Google Workspace Gemini Advanced (business paid account): I have a regular google workspace account and subscribe to Gemini Advanced as well and at the bottom of the screen when you are using the tool it explicitly states that ‘chats aren’t used to improve our models’. This message does not show up on the consumer paid accounts which leads me to believe that they have the option to train on those chats if they would like. I would have no issues putting confidential data in here as Google is explicitly stating that they don’t train on your data.
Google AI Studio: there is no paid version of Google AI studio – it’s a free tool and it is fantastic. It give you access to all of their latest models including the ability to stream real-time with Google’s multimodal models. That being said – as a free tool – Google has the ability to train on the data you put in here. I’ve heard from various sources connected to Google’s legal department that they are not currently training on the data (at least as of about two months ago) – but because this is a free services - it could change anytime. I would operate under the assumption that they *could* train on anything that you put in here.
I will say that I am a huge user of Google AI studio – I use it extensively and it is a truly fantastic services - I’m just very careful to make sure that I don’t put in confidential data in there.
Google Vertex AI Studio: this is part of Google’s enterprise suite of tools and they explicitly state that they do not train on your data. Google has strong customer data protection in Vertex as it’s part of the broader Google Cloud tools. Google Cloud maintains a strong commitment to data privacy and security. Your data, including inputs, outputs, and any custom models developed within Vertex AI Studio, remains under your control. Google does not use your data to train or improve its foundational models without your explicit consent. Whenever I am dealing with confidential data, I always access the Google models through Vertex or the AP associated with my paid services.
Google NotebookLM: this is one of the best tools that Google launched this year – the ability to query massive amounts of data and generate podcasts from your uploads.
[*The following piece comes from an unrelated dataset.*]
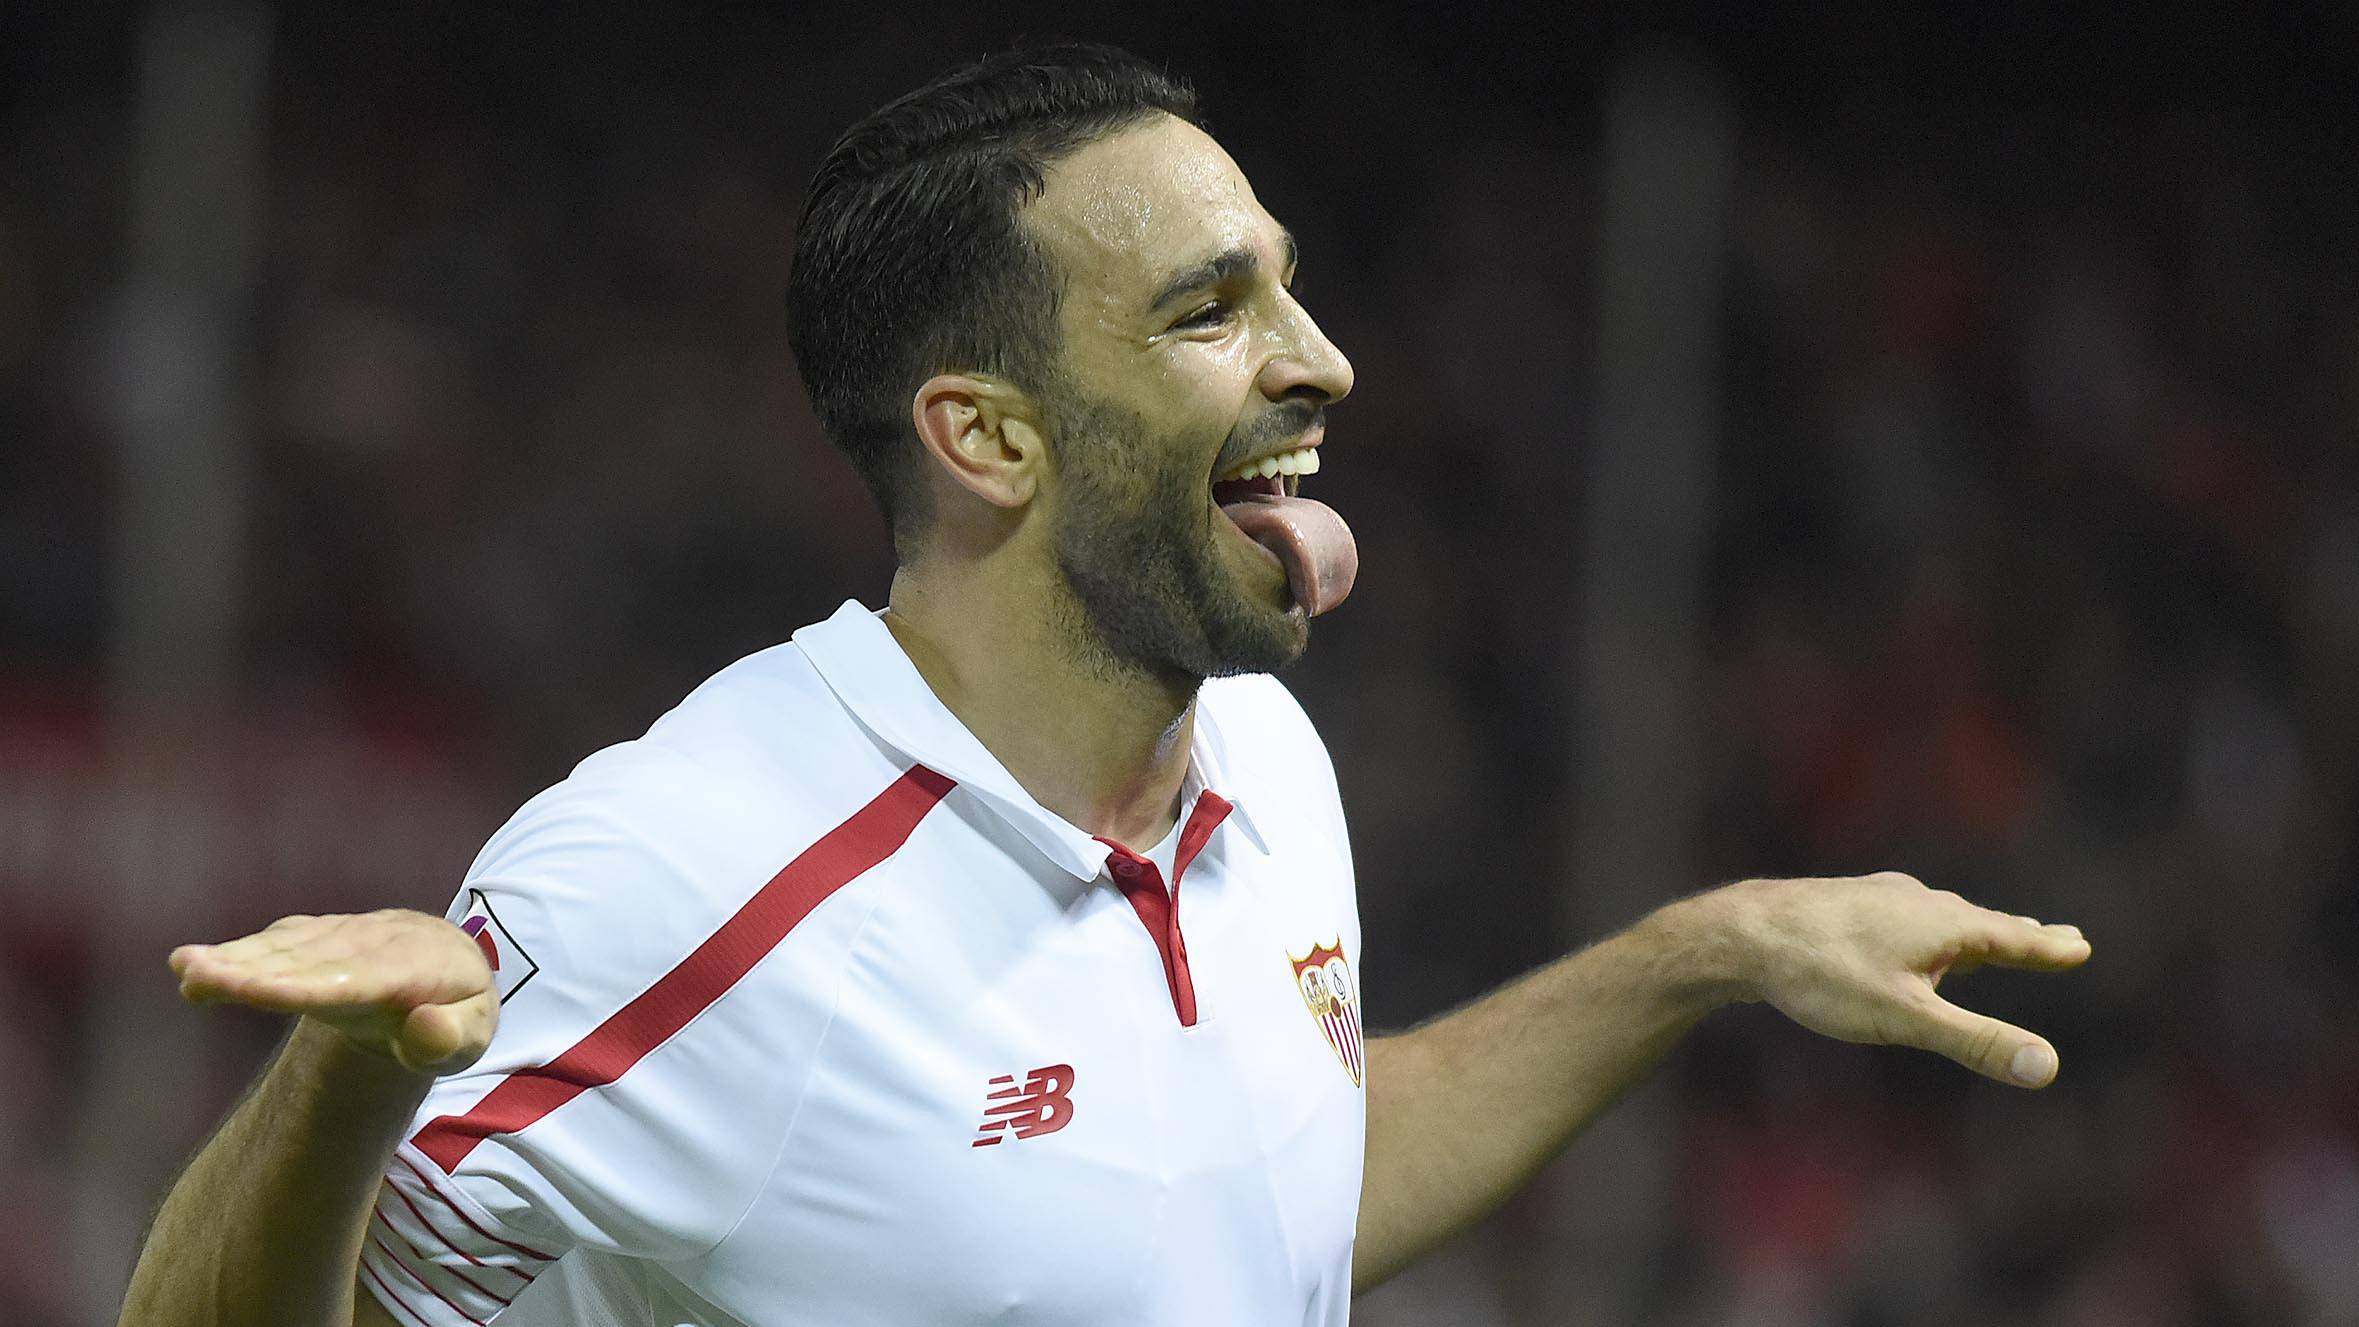 Adil Rami, celebrating a goal with the Seville

Here is the current privacy policy on NotebookLM:
We (Google) value your privacy and never use your personal data to train NotebookLM.
If you are logging in with your personal Google account and choose to provide feedback, human reviewers may review your queries, uploads, and the model's responses to troubleshoot, address abuse or make improvements. Keep in mind that it's best to avoid submitting any information you wouldn't feel comfortable sharing.
As a Google Workspace or Google Workspace for Education user, your uploads, queries and the model's responses in NotebookLM will not be reviewed by human reviewers, and will not be used to train AI models
WRAPPING UP
Each of these companies has made it possible to allow you to securely use their models with confidential data. I look at the privacy policies of each of these companies around once a quarter to look for major changes and this is my best understanding of how the privacy policies are structured today. Because these can change at any time, I would strongly urge you to review each companies privacy policy, only use paid services, and select any opt-out options that you can to ensure that they don’t train on your data. This is my best understanding of the privacy policies as of December, 2024.
I personally have reached a level of comfort with each of these tools that I have no issue putting in financial or medical data and asking endless questions. I hope that this guide has also given you the comfort and insights to securely use these in a way that benefits you as well.